Losing a child is a heart-wrenching experience that no parent should ever have to endure. As I held Deborah’s hand and witnessed her take her last breath, I felt both sorrow and relief. My beautiful daughter, a whirlwind of life and energy, was gone, and along with her, the pain she had been enduring. Every day since her passing has been an emotional struggle, but today—her anniversary—feels especially unbearable. Despite the fact that one of my children is no longer with me, I will always be a mother of three. My heart also aches for my grandchildren, Hugo and Eloise, who are left without their mother. It’s an agonizing reality that they can no longer send her a card, gift, or feel her warm embrace.
Deborah’s Battle with Cancer
Deborah’s fight against cancer began in 2016 when she was diagnosed with bowel cancer at the age of 35. At the time, she had two young children, ages 9 and 7. Deborah was a healthy, active woman, not someone you would expect to be facing such a cruel diagnosis. Despite her healthy habits—she didn’t smoke or eat meat—she started experiencing symptoms like unexplained weight loss, tiredness, and bloody stools. Initially, doctors attributed these issues to stress or IBS, but the truth was far worse. The diagnosis was devastating. By the time the cancer was discovered, it was already in its fourth stage, which made it more difficult to process. I thought she would undergo surgery and chemotherapy, and everything would go back to normal.
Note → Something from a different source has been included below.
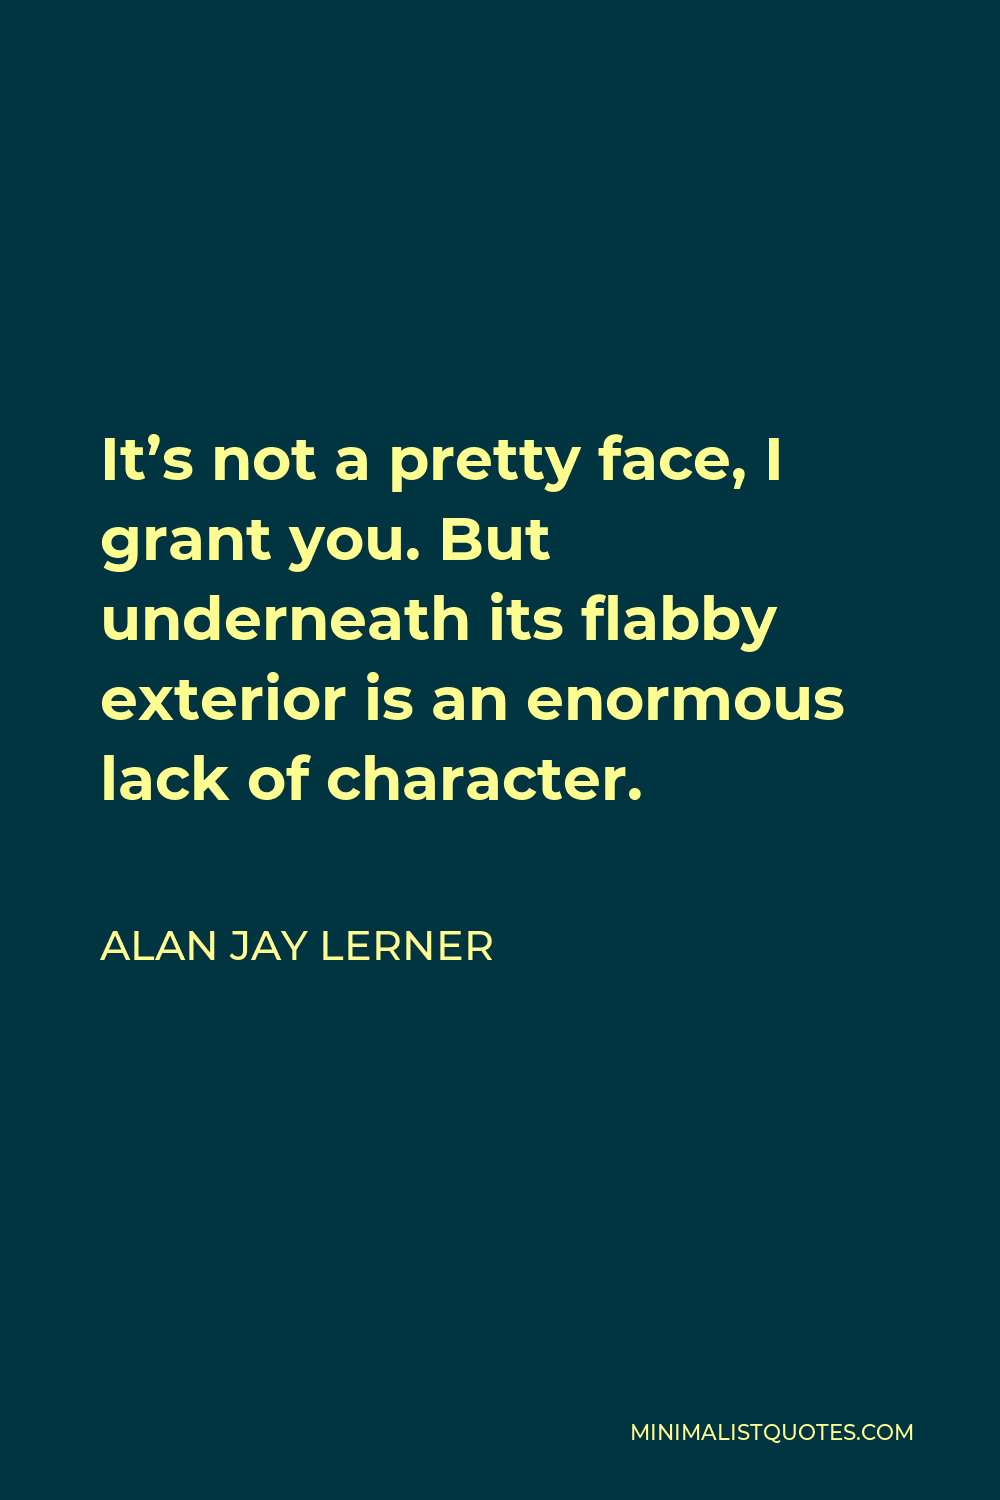 Alan Jay Lerner Quote - It’s not a pretty face, I grant you. But underneath its flabby exterior is an enormous lack of character.

But Deborah was resilient, and even more so, determined to fight back.
A Legacy of Advocacy and Awareness
Throughout her battle, Deborah did more than focus on her own health—she wanted to raise awareness about cancer. Her desire to educate others about the importance of early detection and recognizing symptoms was evident. Deborah’s mission was to ensure that no one else would have to experience what she went through. She started writing a column for The Sun and launched her blog, Bowelbabe, to openly discuss her journey and the struggles faced by others with cancer. Deborah also co-hosted the podcast You, Me, and the Big C, where she continued to push for greater awareness. In her final weeks, she dedicated herself to setting up the Bowelbabe Fund, a campaign that continues to help fund cancer research and advance treatment options. Her work in these areas has already saved lives and will continue to do so.
Life Lessons from Deborah’s Courage
In addition to her advocacy work, Deborah’s greatest gift was the advice she gave on living life to the fullest. Despite her illness, she never lost her sense of passion, energy, or joy. She told her children, Hugo and Eloise, to embrace life and live it well, as you never know when it will come to an end. Deborah’s words of wisdom resonated with me deeply, and I try to follow her example in my own life now. I’m learning to embrace the present moment and cherish every experience. While I used to save the best things for holidays or special occasions, Deborah would dress up and enjoy her favorite things without waiting for the “perfect moment.” Now, I try to do the same. I wear sparkly earrings, dress up for no reason, and allow myself to enjoy the simple pleasures that life offers.
Facing Grief and Moving Forward
The final months of Deborah’s life were filled with both sorrow and love. As her condition worsened, I moved her in with us. We spent seven weeks together, and despite her suffering, we shared beautiful moments—movie nights, an impromptu engagement party for her brother Ben, and even a visit from Prince William after Deborah was honored as a dame. These moments of joy amidst the sadness are memories I will cherish forever. The last days were difficult, and I hated not being able to alleviate her pain, but I promised her I would be there for her children, and I held her hand as she passed away.
After her death, I was overwhelmed by grief and a constant sense of urgency to help Deborah’s family. In the year following her passing, I didn’t fully process my own emotions; I kept busy, trying to distract myself. But when the anniversary of her death arrived, I was struck by intense panic attacks, and the weight of everything I had been avoiding became too much to bear. It was then that I sought help and began to deal with my grief. Although the pain is still very much with me, there are moments of light, such as celebrating my son Ben’s upcoming wedding and remembering Deborah on what would have been her 40th birthday.
While Deborah is no longer with us, her spirit and her legacy continue to live on through her family and the work she did in raising awareness and funds for cancer research. Her life, her work, and her wisdom have left an indelible mark on the world.